Christian, tell me a little about yourself and what you do.
1924 is a conceptual brand focused on practicality, aesthetics and an ability to support others through these things. Through it as an outlet, I have been able to illustrate, hunt for goods, meet story-tellers and go places I had never thought myself to go, (cough, Houston...) But it's been such a great ride.
When were you born, where?
Typically, I avoid this question, but I was born in '92 and in Virginia, moved to Oregon when I was 5, and spent the majority of my life there.
What were your hobbies growing up?
Working, haha. Believe it or not, my brothers and I grew up doing a lot of the things that are portrayed through the works I do. Including drawing, camping, lots of wood-cutting for Pops.
Did you go to college?
For nearly 4 years, so close to graduating, I decided I had a good thing goin' took a chance and went knuckles to the grinding stone with 1924.
Why did you choose this path?
I saw what an impact aesthetically i was able to have through the use of multiple mediums, something that was shaping how people viewed goods, art, and lifestyle and I was determined to keep that alive, even if it takes sleeping on a couch here or there.

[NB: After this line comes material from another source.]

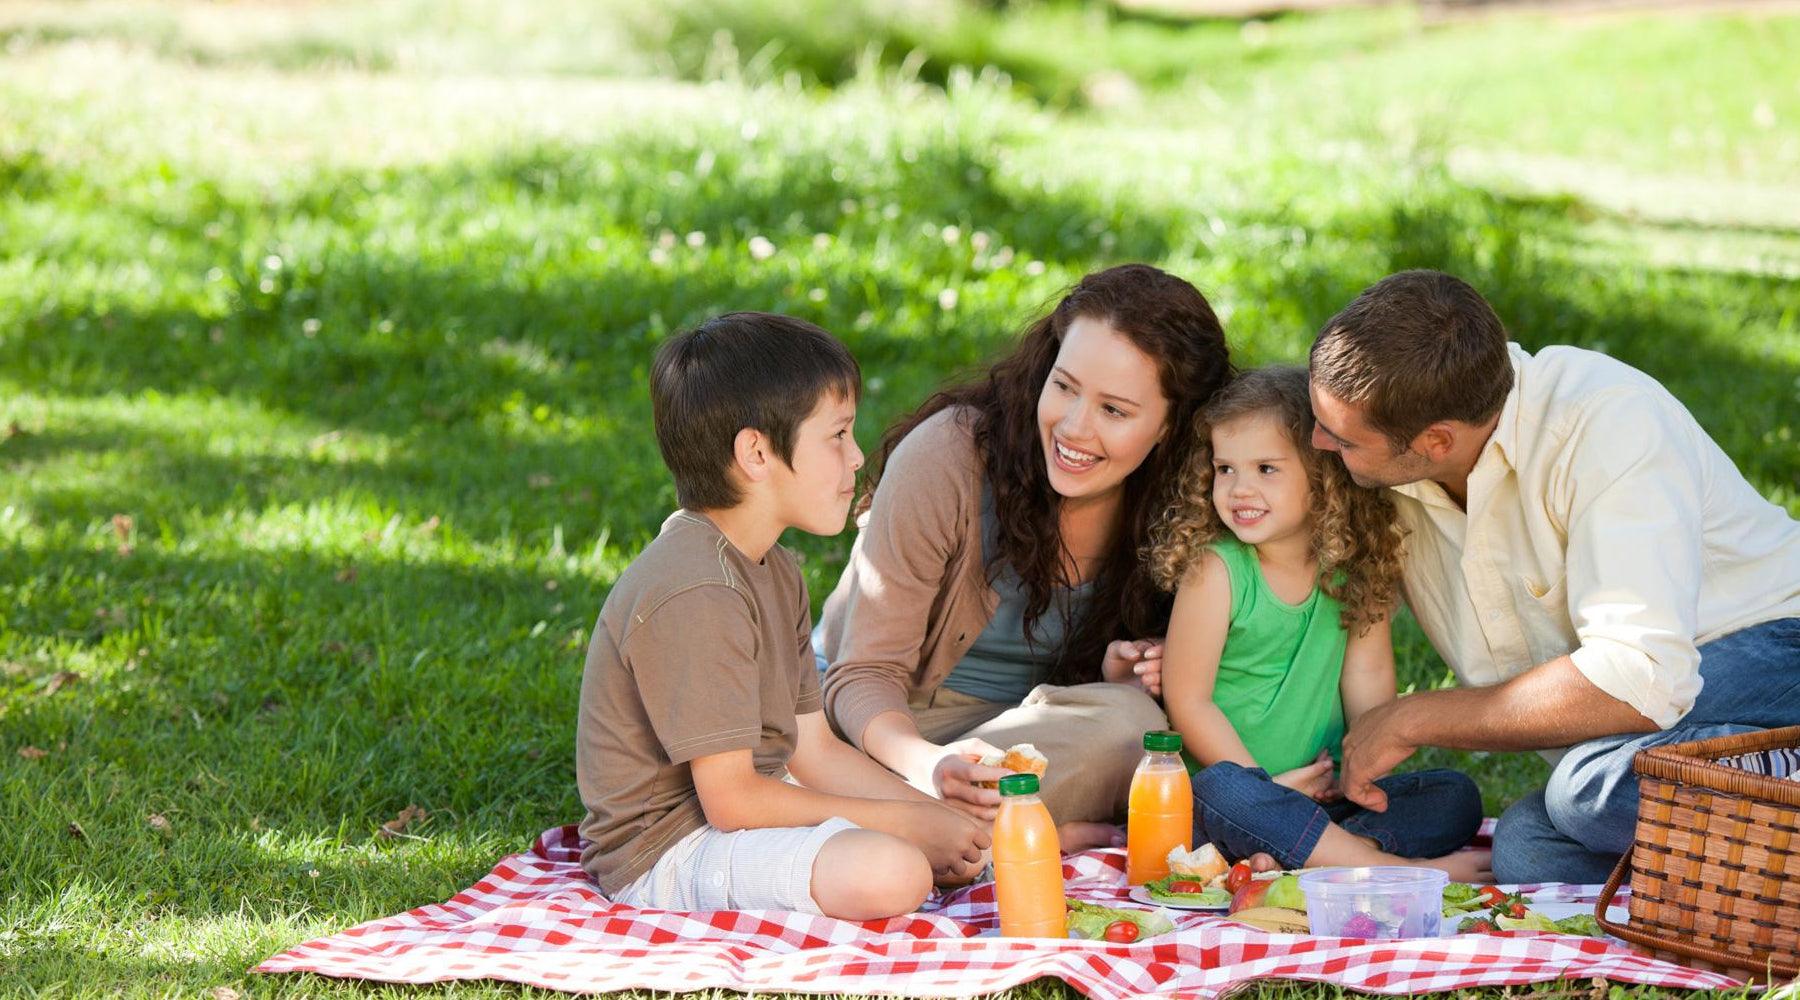 Planning your Family Picnic - The Essentials

What’s the best piece of advice you’ve ever gotten?
"Ehh, so sometimes ya fuck it up, what're you gonna do?"
What’s the best piece of advice you could give? To a fellow creative?
As long as you are realistic with your work, you will never feel disingenuous.
Why do you feel Made in America is so important?
I'm glad I get to speak up about this. Made in America is a great movement because we have shifted so greatly from the early 1900's (hence the name) to now in that we are accepting of what so many of my peers call, "a throw-away-culture". We are so quick to accept the new and disregard the old, and there is a core group of people, through the use of creativity, admiration and adhering to a lifestyle, who are keeping that trade alive. Bringing that small-batch, hand-forged, made in America ideal is going to throw a wrench in the throw-away generation.
However, made in America is not the only way to go about it to keep this ideal alive. Well-made comes from all over the world, not just one place. We have to acknowledge that America in its worthwhile return to making goods does not displace the well-made goods that come from other countries, peoples and cultures. More than just a movement, I wish this to be a lifestyle that comes back strong for all of us and becomes a norm rather than a topic talked about in interviews.